* [PROBLEM DETAILS]
Reproduce all of the data below without alteration; exclude every picture.

* [DATA EXTRACT]
* * * *

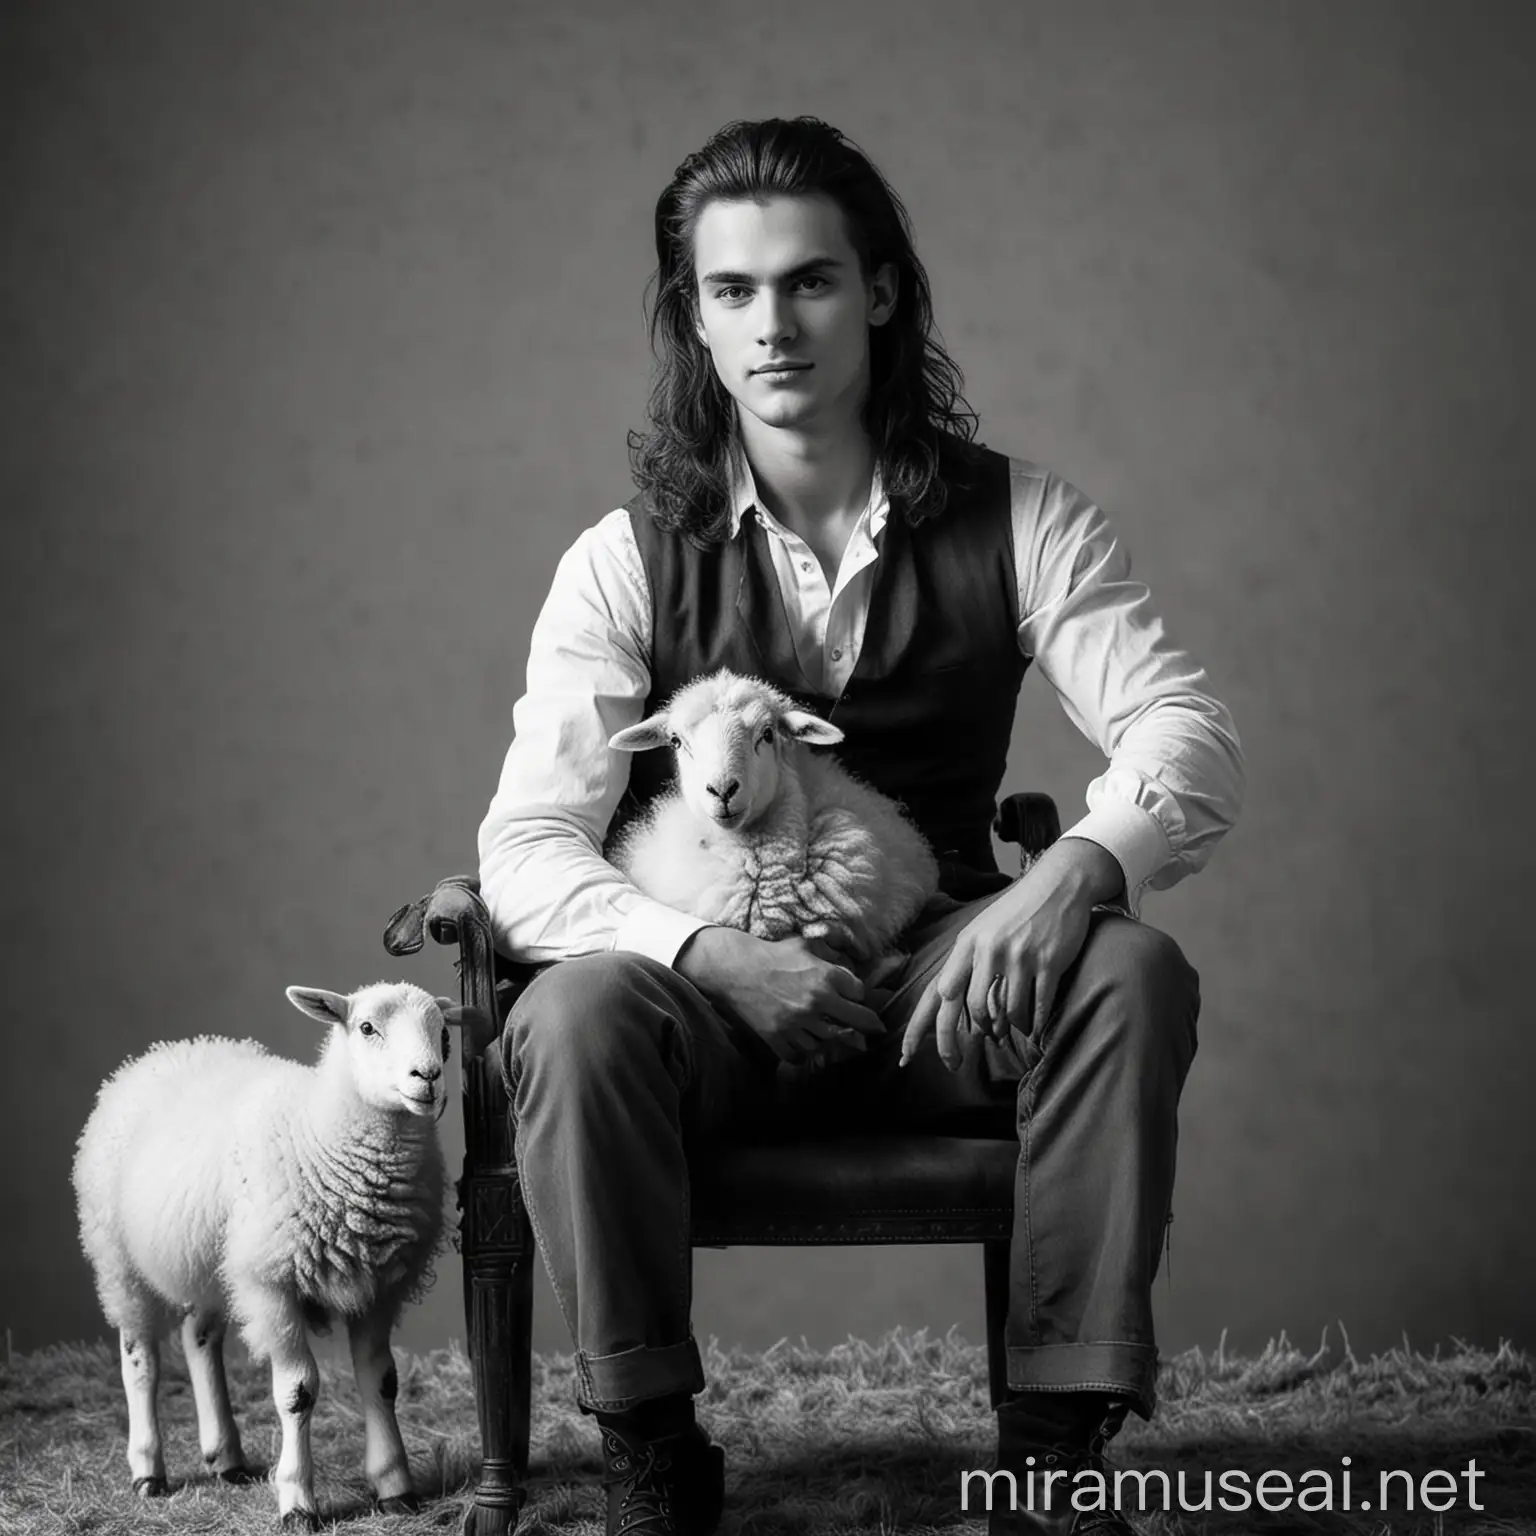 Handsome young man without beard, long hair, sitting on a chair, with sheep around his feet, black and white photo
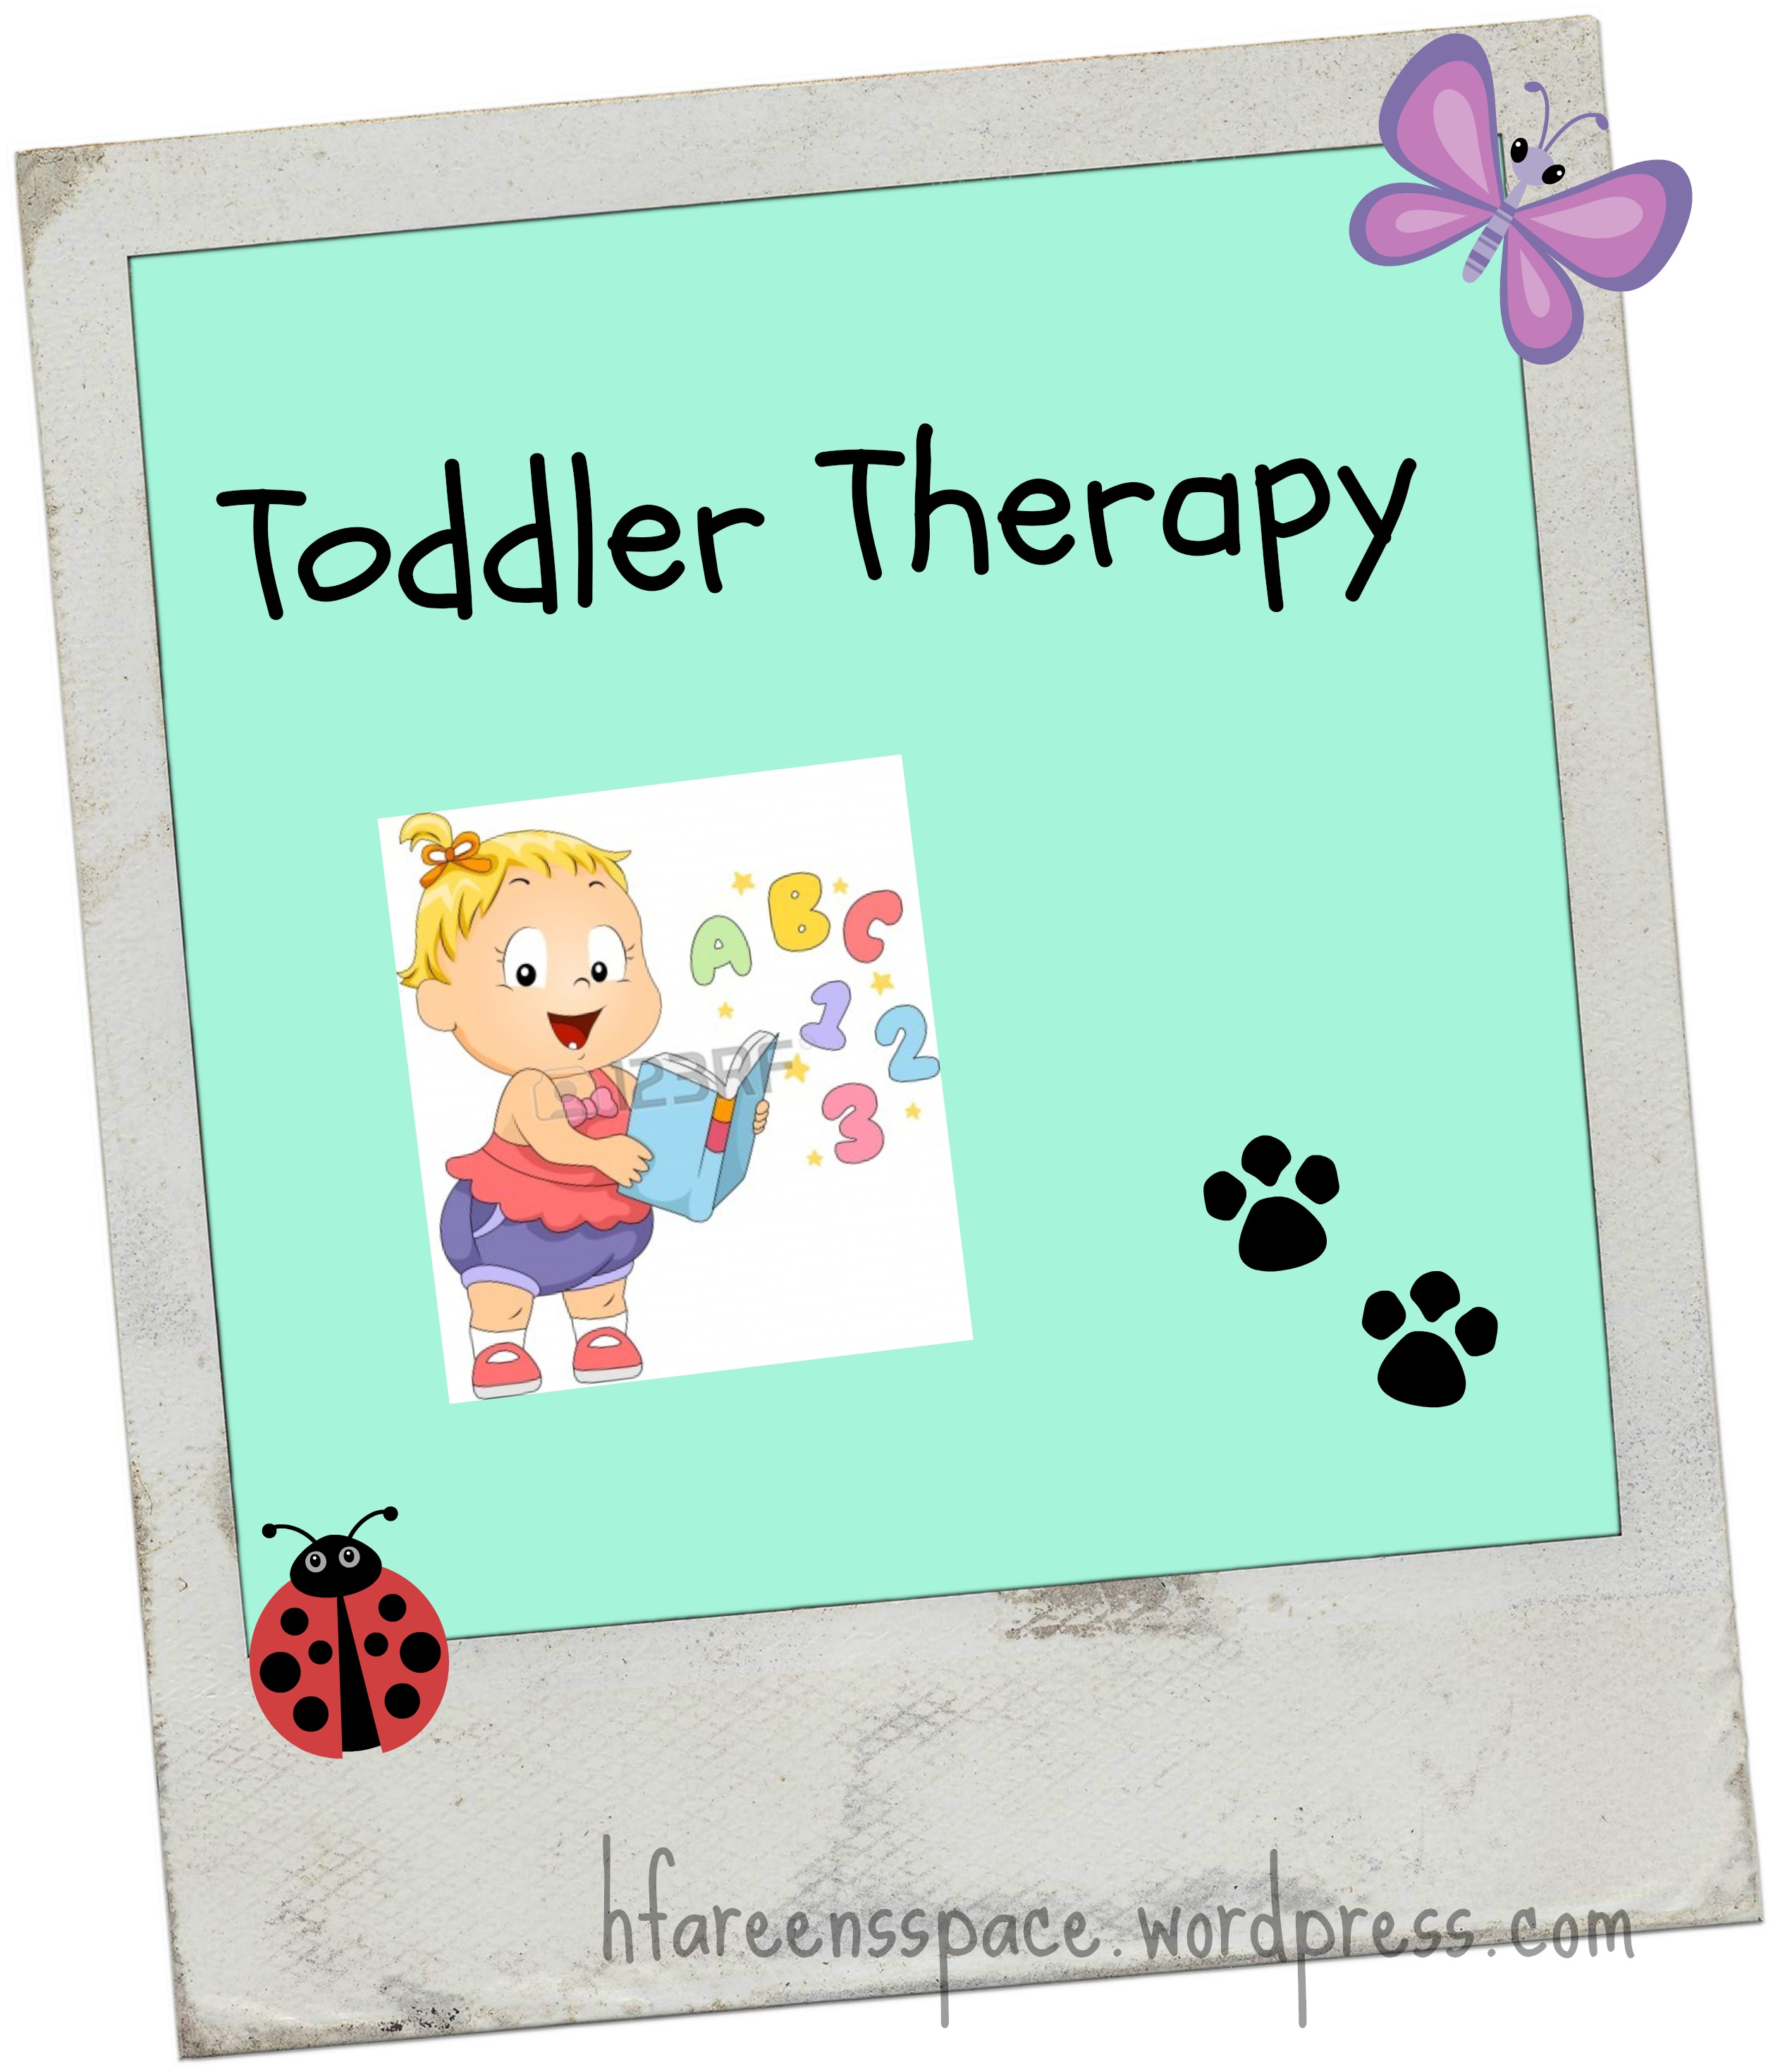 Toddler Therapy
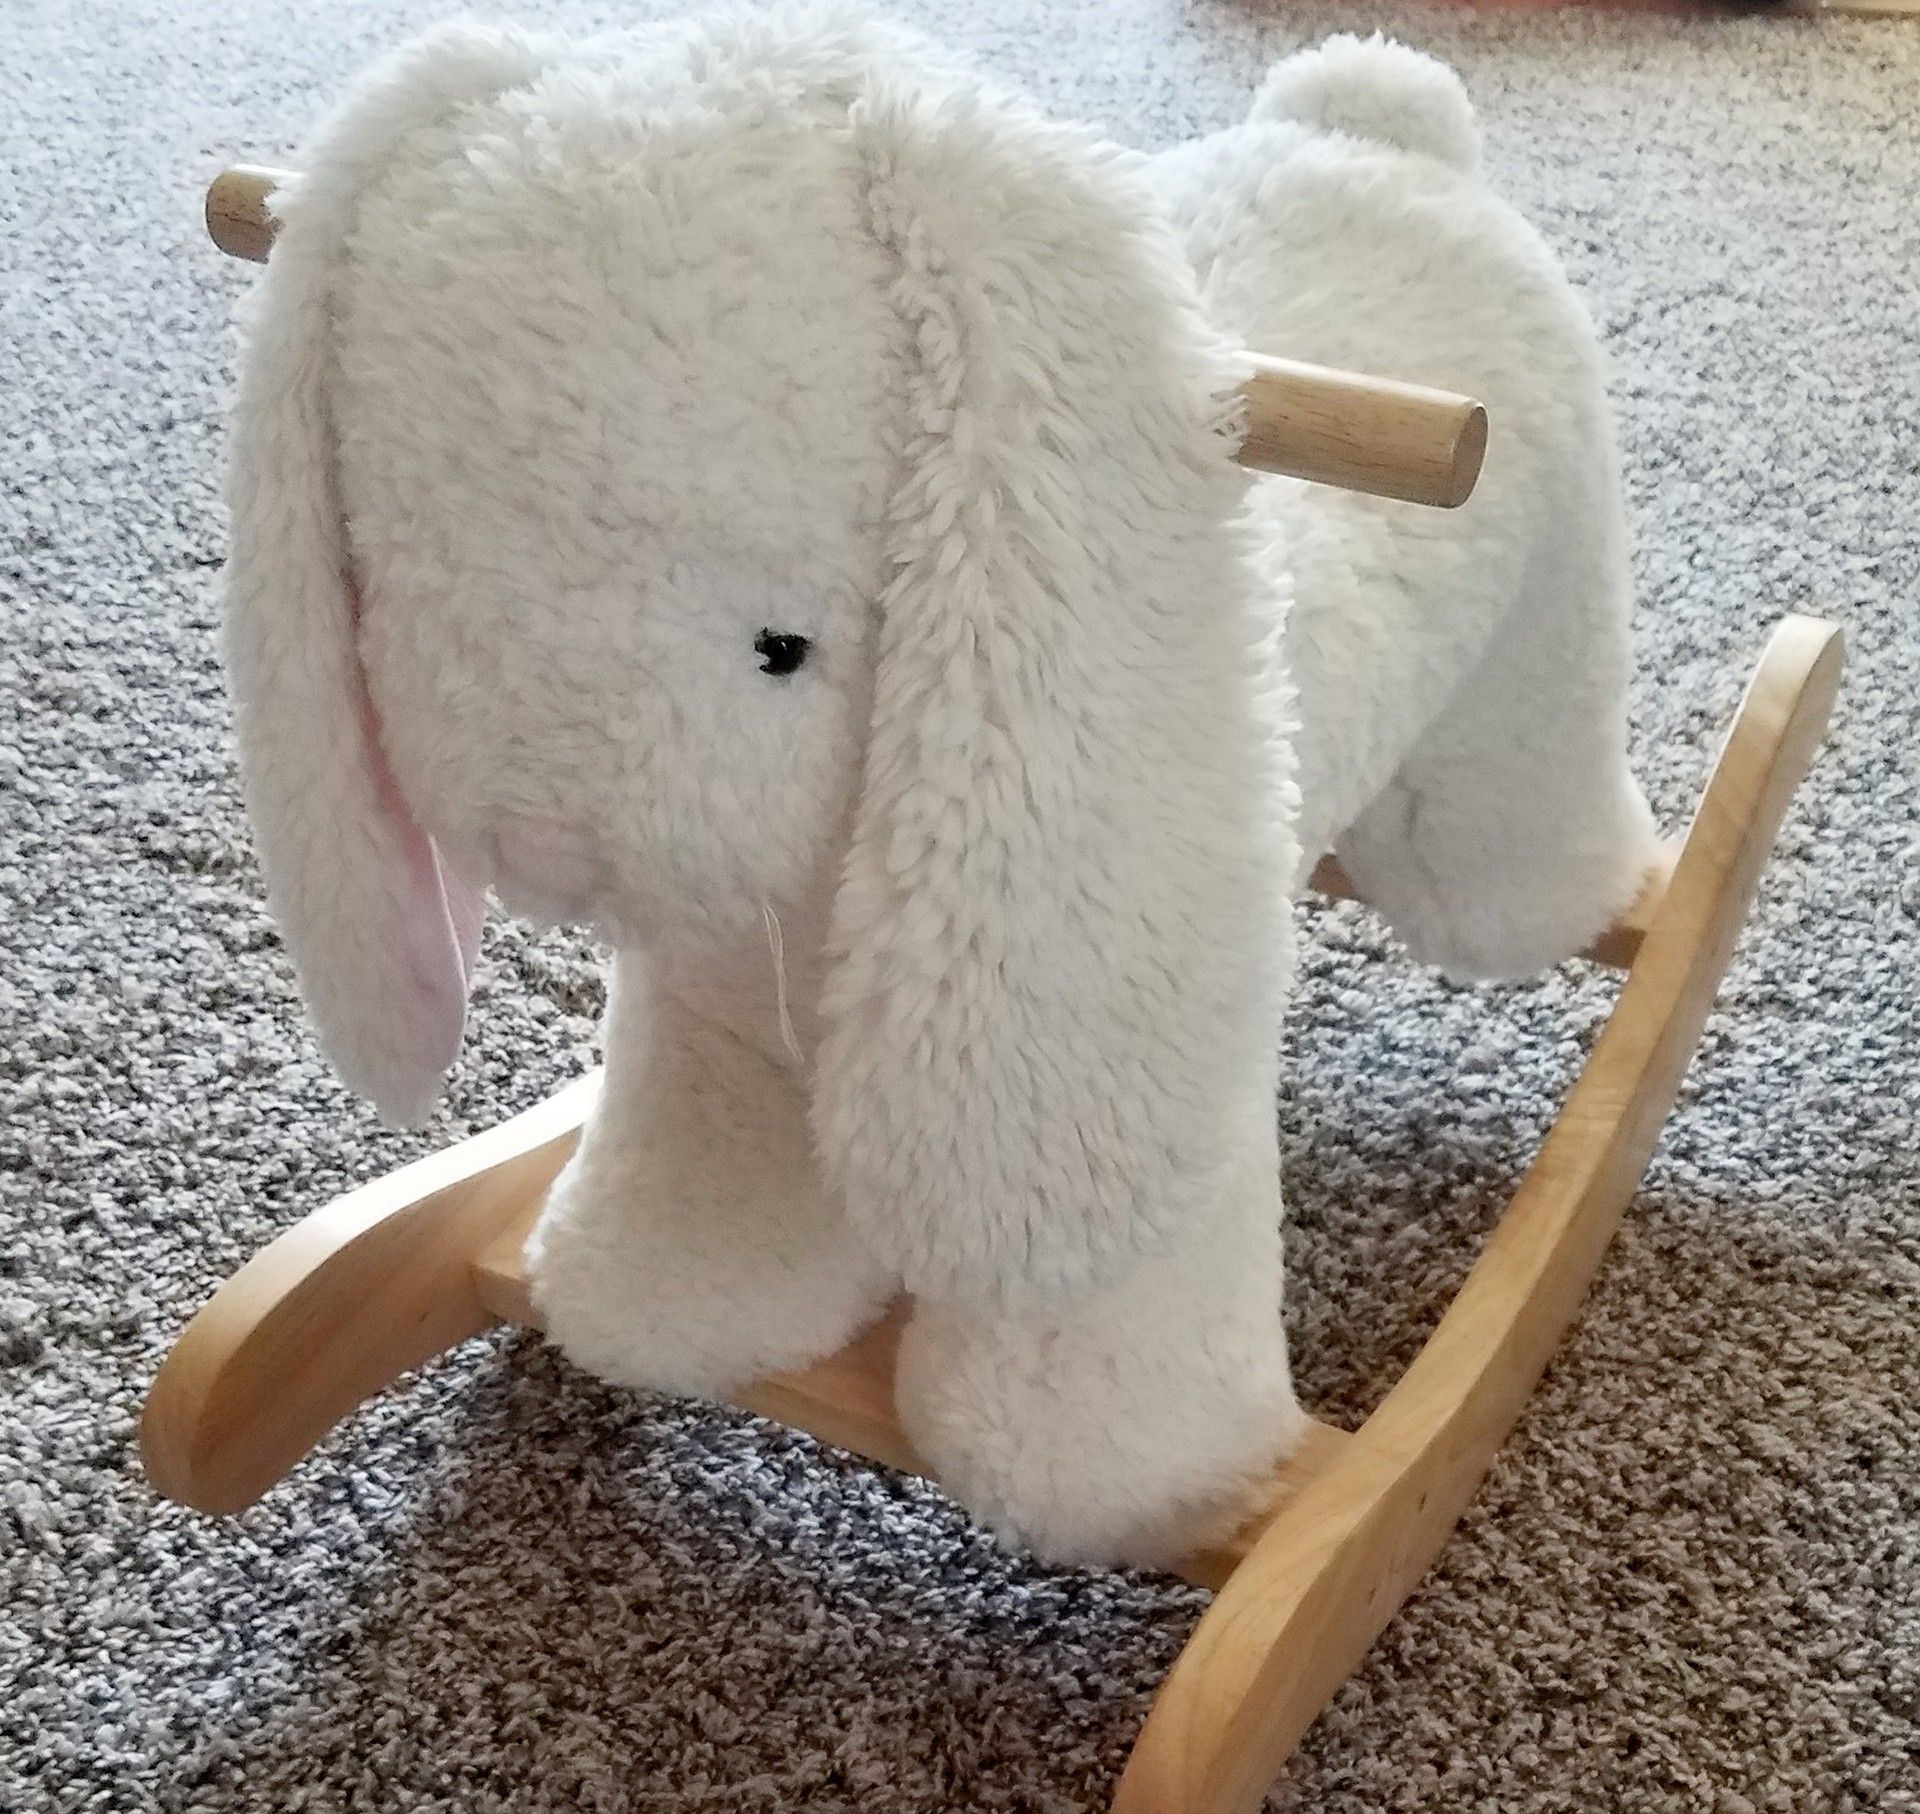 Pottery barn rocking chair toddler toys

* * * *

* [SOLUTION TO THE PROBLEM]
 Handsome young man without beard, long hair, sitting on a chair, with sheep around his feet, black and white photo
 Toddler Therapy
 Pottery barn rocking chair toddler toys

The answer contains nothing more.